Hug a HERS Rater Today

June 8, 2008

blower_door.jpgI don’t know how you spent your weekend, but we spent ours with hands outstretched, feeling for hot, attic air shooting out of electrical outlets, ventilation fans and air vents. After months of crazy-high electric bills, we decided to get to the bottom of why it was costing so darn much to cool our rather small home.

Enter the HERS Rater (Home Energy Rating System).

It turns out there are wonderful people who will come to your home, put up a strange looking contraption called a “blower door” on either your front door or entry to the attached garage. A fan is turned on, the pressure is measured (our house was brought to -50 Pascals) and the cubic feet per minute of air that is rushing out of the house is measured.


Based on this, areas of inefficiency are identified through the use of smoke, incense or – the method we used – hands outstretched seeking hot air. We quickly identified three air vents (supply registers) and the bathroom fan as the main culprits to our personal energy crisis.

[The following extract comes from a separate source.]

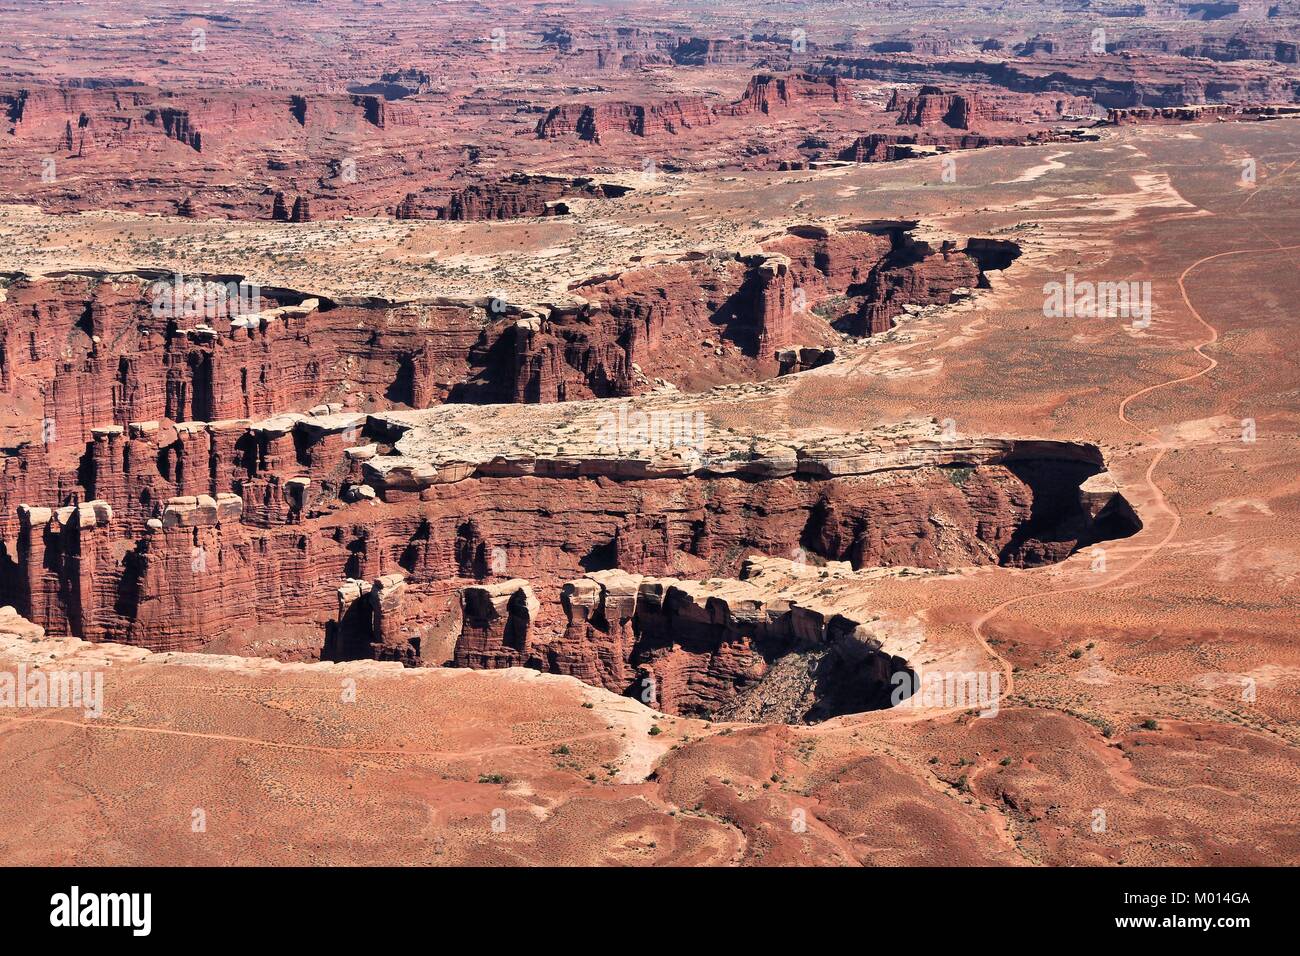 Canyonlands National Park in Utah, USA. Island in the Sky district. Stock Photo

One can of spray foam later and our house is noticeably cooler during the peak of the afternoon sun and our bathroom dries out much quicker after a hot shower. Now, you might be thinking, “I don’t want to shell out my hard-earned money for something I could determine myself.” But you can’t. We couldn’t. We checked the insulation around vents, made sure to shut off vents that were blowing icy air into room(s) we barely used and aren’t the types to leave a window open while brazenly running the air conditioning.

And yet our power bill kept climbing.

So we went in search of help. One of the best ways to find a certified HERS inspector is through the Residential Energy Services Network, or RESNET.
According to RESNET: The home receives a score between 1 and 100, depending on its relative efficiency. An estimate of the home’s energy costs is provided in the report. The energy rating is then equated to a Star rating ranging from one star for a very inefficient home to five stars for a highly efficient home. Unlike an energy audit or a weatherization assessment, a home energy rating is a recognized tool in the mortgage industry.

Turns out HERS ratings might be good for the pocket book too. The Energy Star program requires a minimum score of 85. If your home complies, you may qualify for special loan packages.

While we were too late in the game for that – it was well worth the effort on a beautiful Saturday afternoon. By Sunday at 3 p.m. we were marveling at how much cooler two rooms in our house felt.